Kur’an-ı Kerim’de tevhit (ihlas) suresinin birinci ayetinde “ahad” kelimesi ile “tevhid-i ehedi”, yani Allah’ın zatının besit ve bileşeni olmadığına işaret edilmiştir. Ve surenin sonunda da “velem yekun lehu kufuven ahad” ile Onun hiçbir zaman eş ve denginin olmadığına vurgu yapılmıştır; bu da tevhidi vahidiye ve Allah için şerikin (ortak) reddedilmesine dair bir doğrultudur .[38]
Tevhid-i Sıfati
Tevhid-i sıfati (sıfatta tevhit), Allah’ın zatı ile sıfatlarının aynı olduğu anlamındadır. Şia mezhebi esasına göre, Allah’ın sıfatları, Onun zatından ayrı değildir ki Allah’ın zatı onlarla anlatılsın. Bilakis Allah’ın tüm sıfatları, hem birbirlerinin aynısıdırlar ve hem de zatı ile aynıdırlar. Yani, Onun ilminin hakikati aynı zamanda gücüdür de, hatta tüm varlığı ilim ve varlığının tamamı güç ve diğer zati sıfatlarıdırlar ve tüm sıfatları birbirlerinin aynısıdırlar.
Şöyle ki mahlûklarda örneğin insani sıfatlarda, kişinin idare edecek bir sıfatı yoksa onun zatına irade eklenmelidir ki yönetici olabilsin. Yani ilk önce insanın nefsi vardı, ama iradesi yoktu, sonradan iradesi oluştu ve vücudu irade sahibi oldu. Ancak Allah böyle değildir ve hiçbir şey Onun zatına eklenmez ki o sıfat Allah’ta ortaya çıkmış olsun.[39]
İmam Ali’nin (a.s) hutbesinde Allah’ın zatının sıfat kabul edecek bir özelliğinin olmadığı beyan edilmiştir.[40] Aynı nokta daha detaylı bir açıklama ile yine Müminlerin Emiri (a.s) tarafından Nehcü’l Belağa’da “tevhidiye hutbesi” olarak ortaya konmuştur:
- “Dinin evveli O’nu tanımak, O’nu tanımanın kemali O’nu tasdik etmek, O’nu tasdik etmenin kemali O’nu bir bilmek, O’nu bir bilmenin kemali, O’na karşı ihlaslı olmaktır.

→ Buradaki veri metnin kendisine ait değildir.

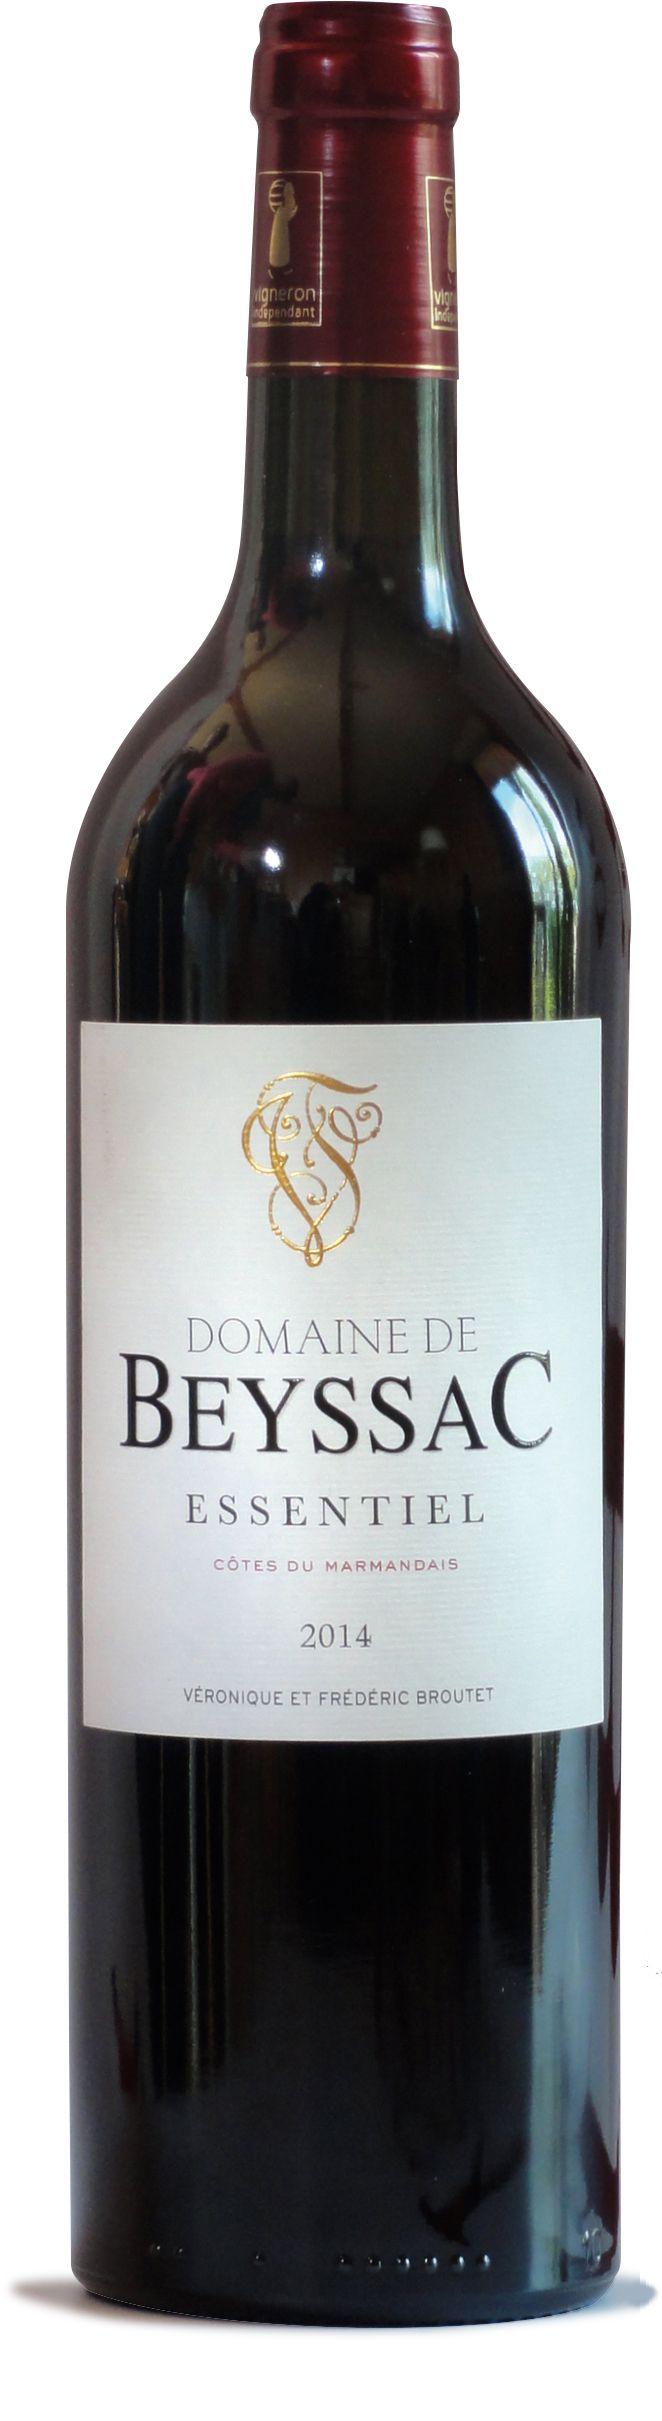 Au domaine de Beyssac, les bouteilles ne dépassent pas 500g et sont fabriquées à Cognac.

O’na karşı ihlaslı olmanın kemali, O’ndan sıfatları reddetmektir. Zira her sıfat mevsuftan (sıfat sahibinden) ayrıdır. Hakeza her mevsuf da sıfattan ayrıdır.”[41]
Eşa’rilerden bazıları, Allah’ın sıfatı ile zatının birbirinden ayrı olduğuna inanmaktadırlar, bununla birlikte Allah’ın zatının kadim ve yaratılmamış olduğuna da kaildirler. Bu nazariye “kudema-i semaniye” (sekiz kadim) diye meşhurdur. Bu görüş gerçekte birkaç Allah’a inançtır ve bu da tevhit öğretileriyle temelden çelişmektedir.[42]
Tevhid-i Ef’ali
Tevhid-i ef’aliden (fiillerde tevhit) maksat, Allah’ın yaptıkları işler için kendi zatı dışında hiç kimsenin yardım ve desteğine ihtiyaç duymaması ve işleri yapmakta bağımsız ve tek olduğudur.
Fiillerde tevhit anlayışına göre, âlemde hiçbir varlık, etkileme ve hiçbir işi yapma gücüne sahip değildir, ancak Allah’ın verdiği güç ve kuvvetle bu olabilir. Tüm işler, hareketler, etki ve tepkimeler Onun pak zatında dönmektedir. O, zatında ortağı olmadığı gibi yaratma, rububiyet, malikiyet ve tekvini hakimiyet gibi faaliyetlerinde de ortağı yoktur.
Fiillerde tevhidin anlamı, illiyet kanununun nefyedilmesi veya sebeplerin etkisinin nefyi anlamında değildir. Şia bakış açısına göre, “tevhid-i ef’ali”, Allah Teâlâ’nın, doğrudan ve sebep ve illetlerin vasıtası olmadan bir şeyi meydana getirerek kendisinin tüm illet ve sebeplerin müsebbibi olması demek değildir, bilakis bir şey sebebe ihtiyaç duyarsa o şeyin sebebini de Allah’ın kendisi yaratmakta ve kendi zatı dışında bir şeye ihtiyaç duymamaktadır.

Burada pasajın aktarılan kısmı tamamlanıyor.